While "modern" portfolio theory (MPT), which dates back to the 1950s and 60s, became increasingly accepted through perhaps the late 1970s (thanks in good part to the pioneering efforts of some of the economists mentioned above), in more recent times behavioral finance--which looks more at what people actually do, as opposed to what a rational person would do--has held increasing sway. Before the efforts of the behavioral scientists, MPT seemed very much to be accepted science. However, markets can become rational only through sufficient interactions of rational (even though imperfect) participants. Real world experiences like a 22% drop in stock prices in just one day (in October 1987) without major economic news, combined with a relatively quick bounce back within a year--or the NASDAQ index soaring above 5,000 in 2000 with companies that amounted to little more than a business plan acquiring large market capitalizations--suggest somewhat of a lack of rationality. This book does a good job covering topics like these and the economists who addressed them, and that's the 95% of the book I truly enjoyed.

This brings me to the end of the book.

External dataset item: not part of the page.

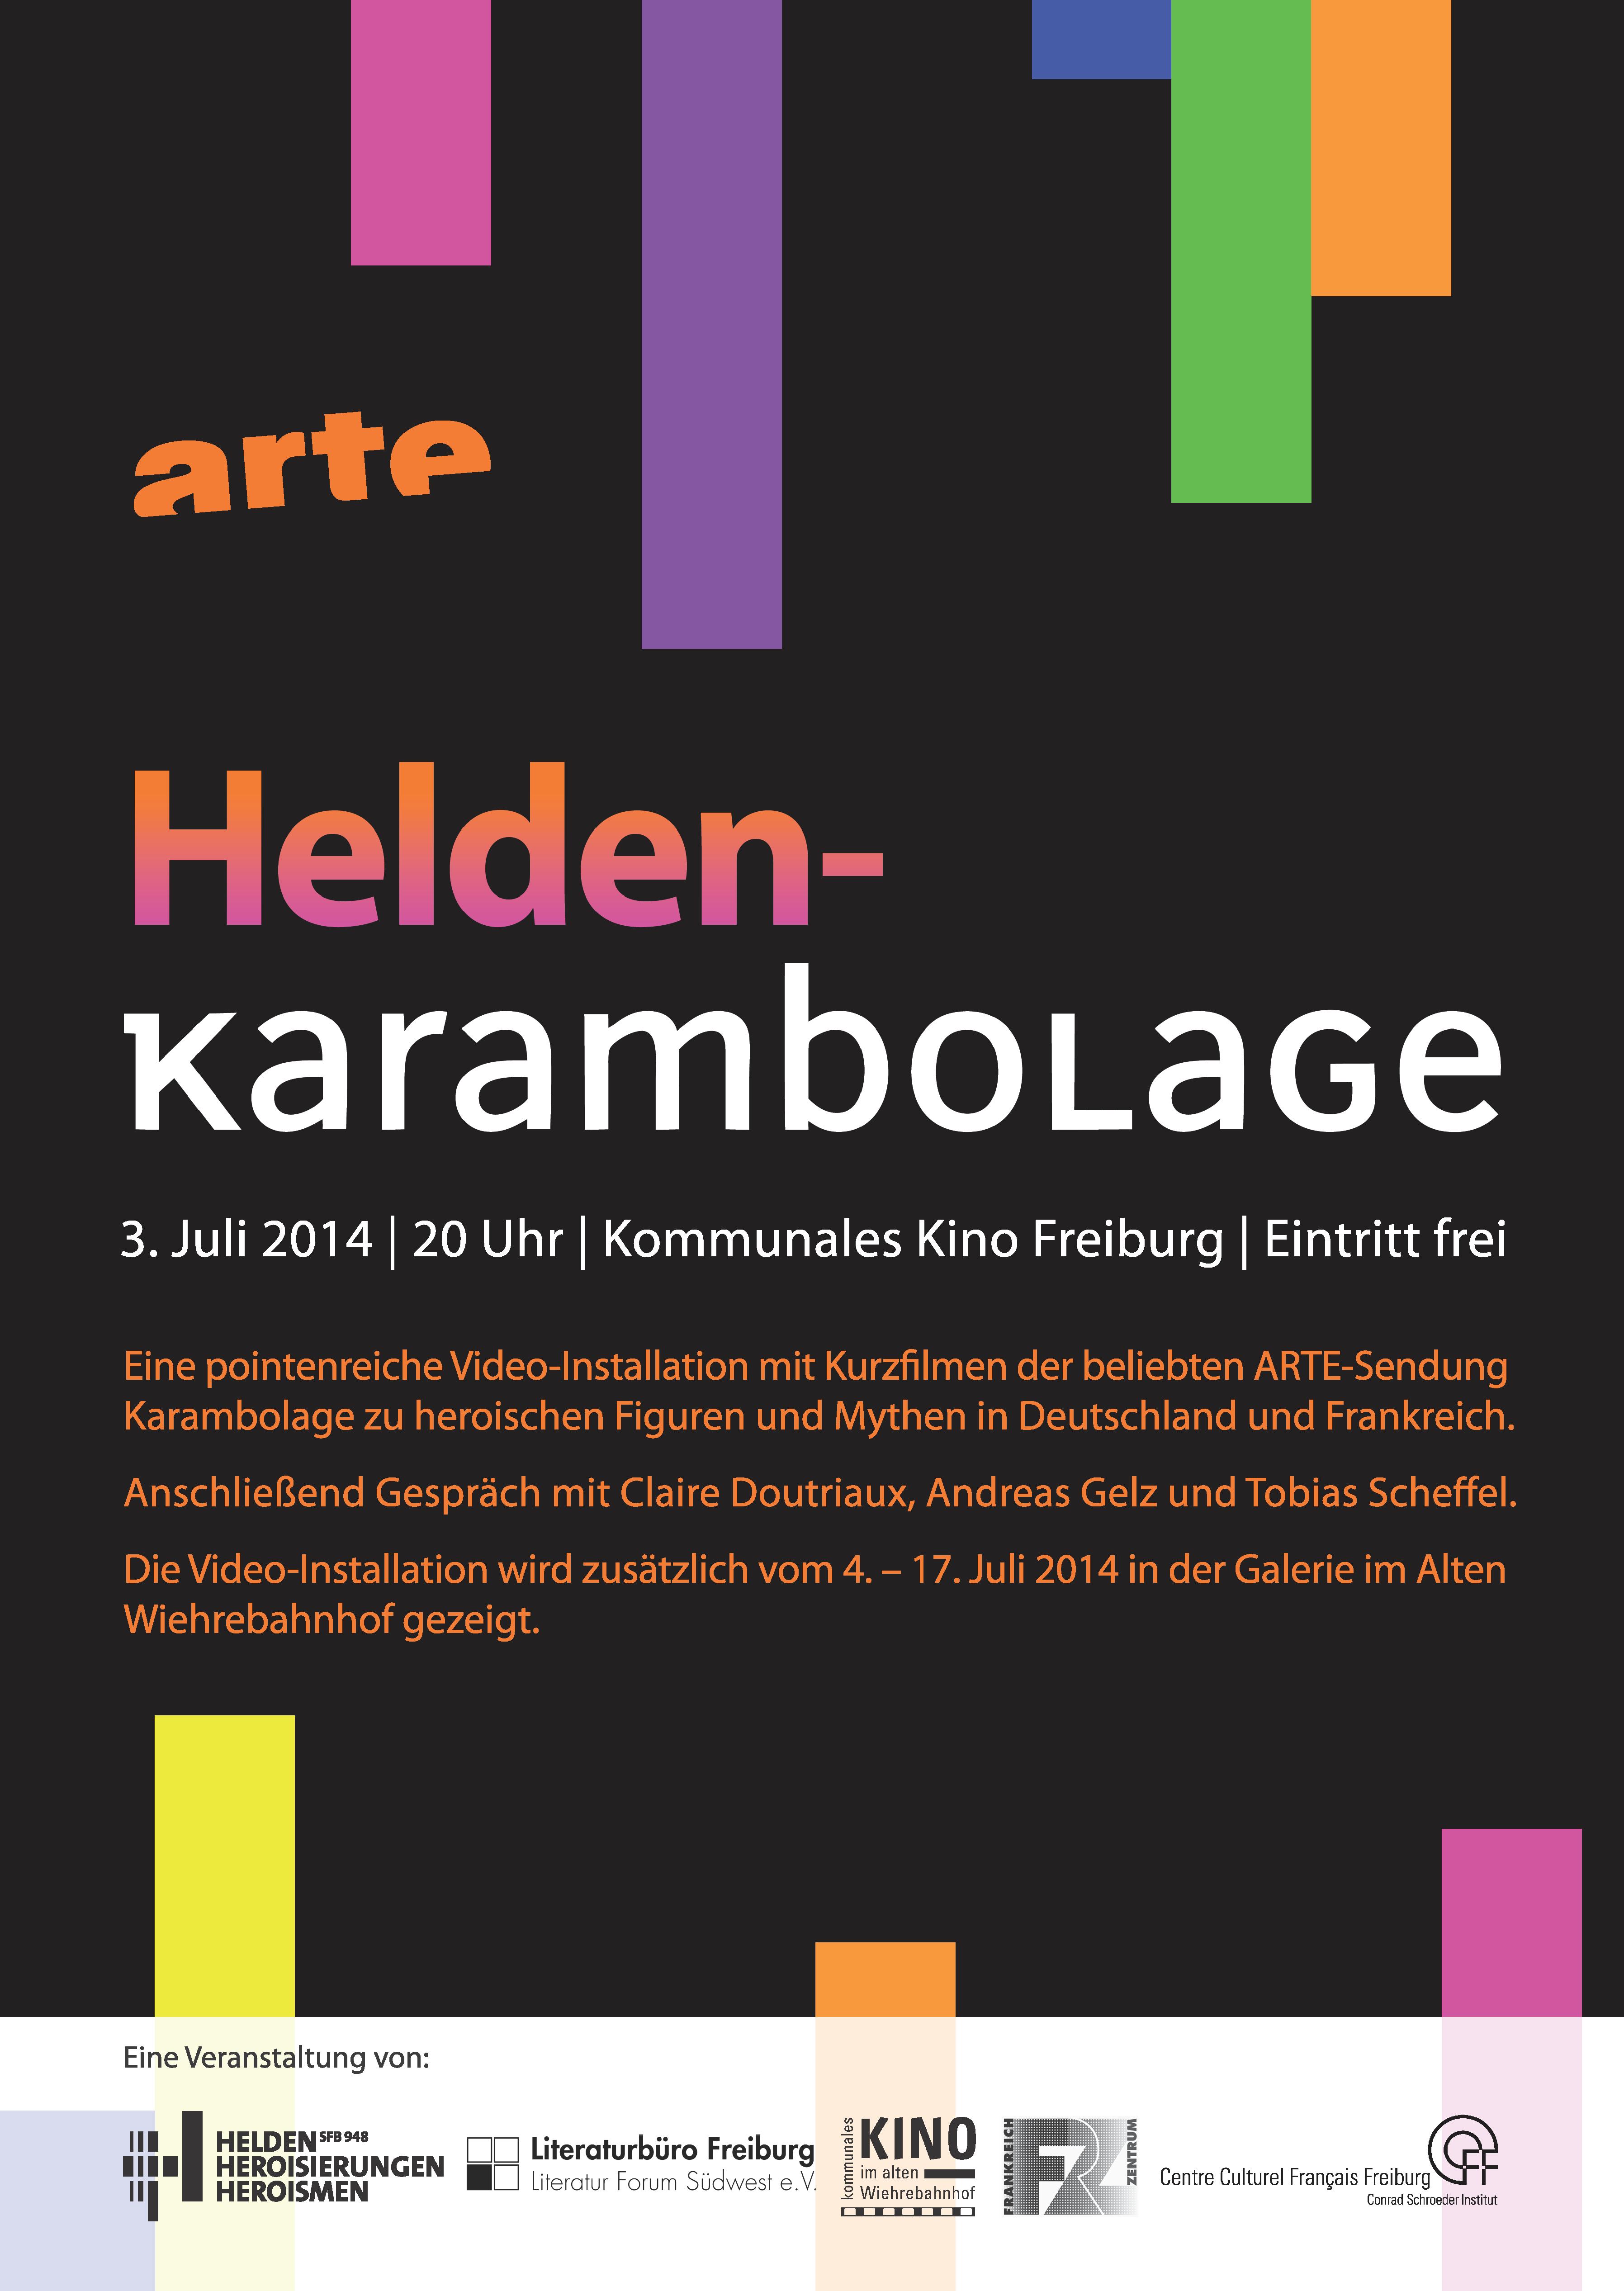 Helden-Karambolage_Plakat.png
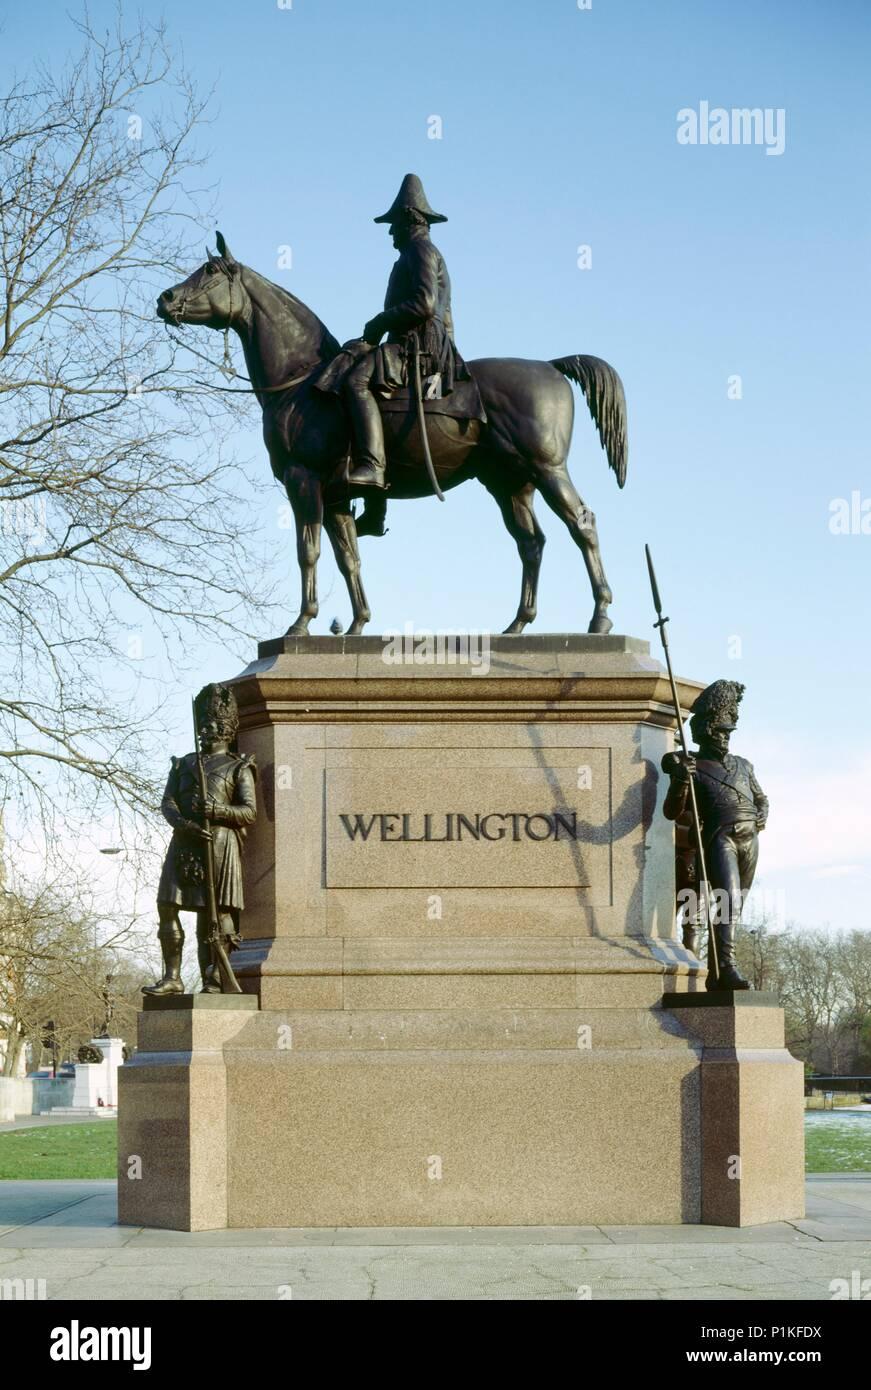 Statue of the Duke of Wellington, Hyde Park Corner, London, c1980-c2017. Bronze equestrian statue designed in 1888 by Joseph Edgar Boehm. - Stock Image

The book's title suggests a debunking of the myth of a rational market; but despite covering evidence of market irrationality (which has been discussed and successfully exploited by the likes of Warren Buffett for years), Justin Fox doesn't finish the job. He doesn't go in for the kill. Rather, he seems to let modern portfolio theory off with what feels like a draw. Although I would heartily recommend this book for its rich history of the concept of rational markets, in the end I was disappointed.